DeepSeek's technical team is said to skew young, with the company aggressively recruiting doctorate AI researchers from top Chinese universities. The company also hires people without any computer science background to help its tech better understand a wide range of subjects. Despite being affected by US export bans on hardware, DeepSeek has managed to build its own data center clusters for model training, using Nvidia H800 chips, a less-powerful version of the H100 chip available to US companies.
DeepSeek unveiled its first set of models, including DeepSeek Coder, DeepSeek LLM, and DeepSeek Chat, in November 2023. However, it wasn't until the release of its next-gen DeepSeek-V2 family of models last spring that the AI industry started to take notice. DeepSeek-V2, a general-purpose text- and image-analyzing system, performed well in various AI benchmarks and was far cheaper to run than comparable models at the time.
The company's latest model, DeepSeek-V3, launched in December 2024, has only added to DeepSeek's notoriety. According to DeepSeek's internal benchmark testing, DeepSeek V3 outperforms both downloadable, openly available models like Meta's Llama and "closed" models that can only be accessed through an API, like OpenAI's GPT-4o. Equally impressive is DeepSeek's R1 "reasoning" model, which effectively fact-checks itself and performs as well as OpenAI's o1 model on key benchmarks.
However, being a Chinese-developed AI, DeepSeek's models are subject to benchmarking by China's internet regulator to ensure that its responses "embody core socialist values." This has raised concerns about the potential limitations and biases of DeepSeek's models, particularly in domains such as politics and history.

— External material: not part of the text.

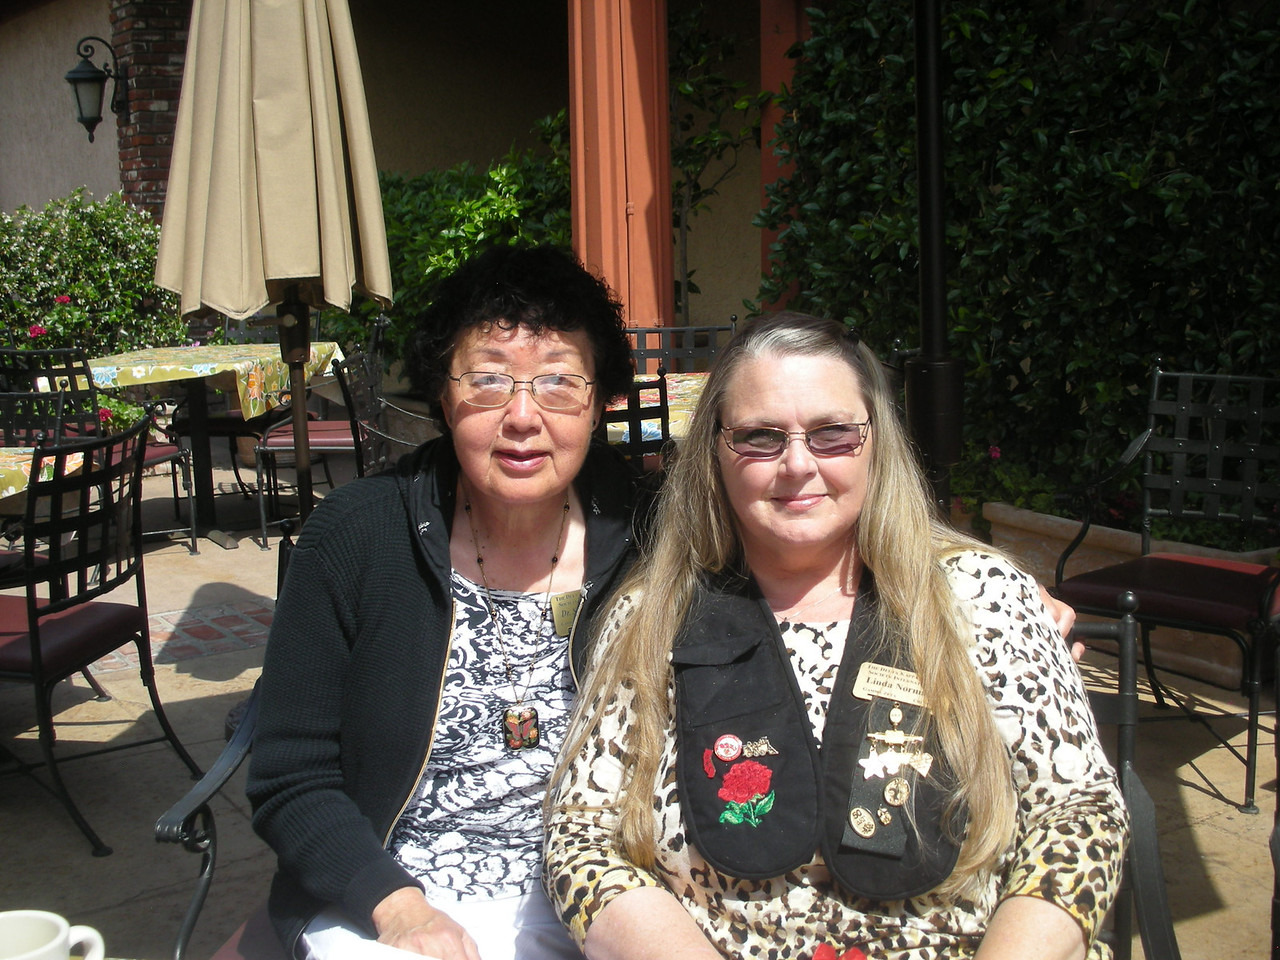 Sumie Imada and Linda Norman at Hoff's Hut June Breakfast

Despite these concerns, developers have taken to DeepSeek's models, which are available under permissive licenses that allow for commercial use. According to Clem Delangue, the CEO of Hugging Face, one of the platforms hosting DeepSeek's models, developers on Hugging Face have created over 500 "derivative" models of R1 that have racked up 2.5 million downloads combined.
DeepSeek's success has been described as "upending AI" and "over-hyped." The company's success was at least in part responsible for causing Nvidia's stock price to drop by 18% in January, and for eliciting a public response from OpenAI CEO Sam Altman. Microsoft has also announced that DeepSeek is available on its Azure AI Foundry service, while Meta CEO Mark Zuckerberg has said that spending on AI infrastructure will continue to be a "strategic advantage" for Meta.
However, not everyone is convinced of DeepSeek's benefits. OpenAI has called DeepSeek "state-subsidized" and "state-controlled," and recommends that the US government consider banning models from DeepSeek. Some companies and governments, including South Korea and New York state, have already banned DeepSeek from being used on government devices.
As for what DeepSeek's future might hold, it's not clear. Improved models are a given, but the US government appears to be growing wary of what it perceives as harmful foreign influence. In March, The Wall Street Journal reported that the US will likely ban DeepSeek on government devices. Despite these challenges, DeepSeek's rapid rise to fame has undoubtedly shaken up the AI industry and raised important questions about the future of AI development.